The “fog” loop product mentioned above is the channel difference of 3.9-11 microns , and it is shown in the default AWIPS color curve (Fig 2.) where one can see the pink to nearly white features representing negative differences that correspond to low clouds and/or fog.  As anticipated, some MVFR conditions did occur due to ceilings below 3000 ft, and many parts of the Palmer Divide and the Raton Ridge became surrounded by these features.
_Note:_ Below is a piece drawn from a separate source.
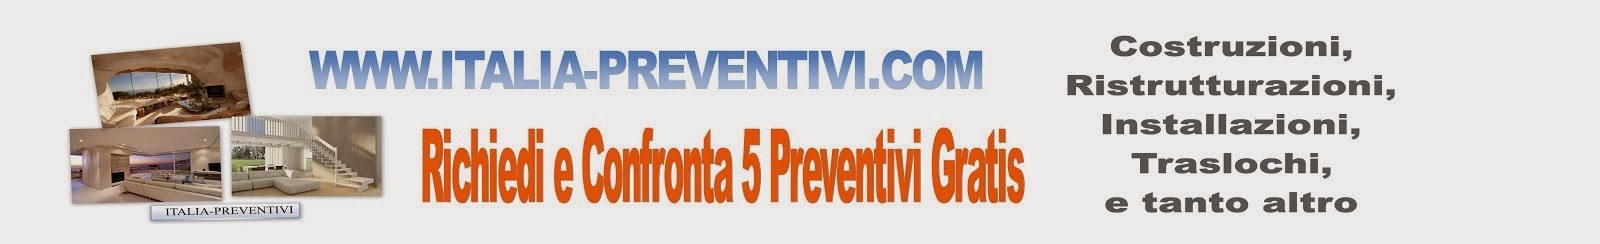 Con 1 click richiedi e Confronti 5 Preventivi Gratis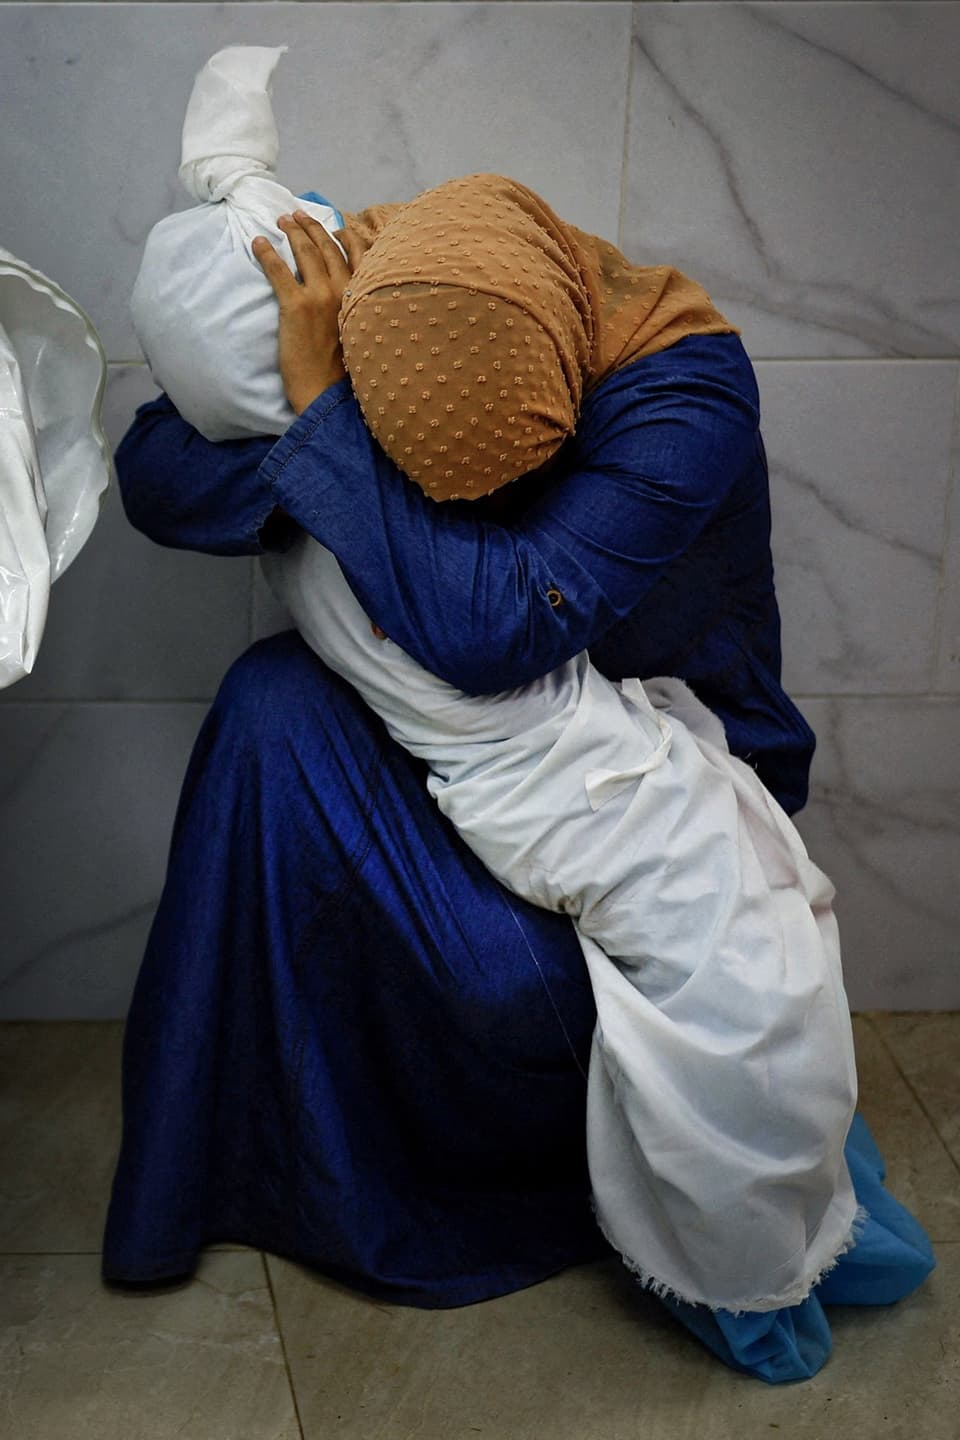 Frau in blauem Kleid und mit orangem Kopftuch, umarmt in Laken eingewickelte Leiche

While the “fog” product shows the various low cloud and fog features, this same capability is found in the “green” component of the Nighttime Microphysics RGB.  This event of low clouds and fog can also be seen in the NtMicro RGB below (Fig. 3) where the land surface and various mid/high clouds are more easily distinguished from the low clouds and fog. This differentiation of features occurs due to additional infrared channels/differences that help to classify cloud thickness and height.  While the event mostly involved low stratus, fog can be seen developing in the low lying areas of southeast Colorado and northeast New Mexico.  Given the improved resolution of GOES-16 in space and time and the availability of more channels compared to legacy GOES imagers, monitoring the fog between in situ observations becomes easier with the NtMicro RGB, and thus allows forecasters to better anticipate impacts to aviation sites and public roadways.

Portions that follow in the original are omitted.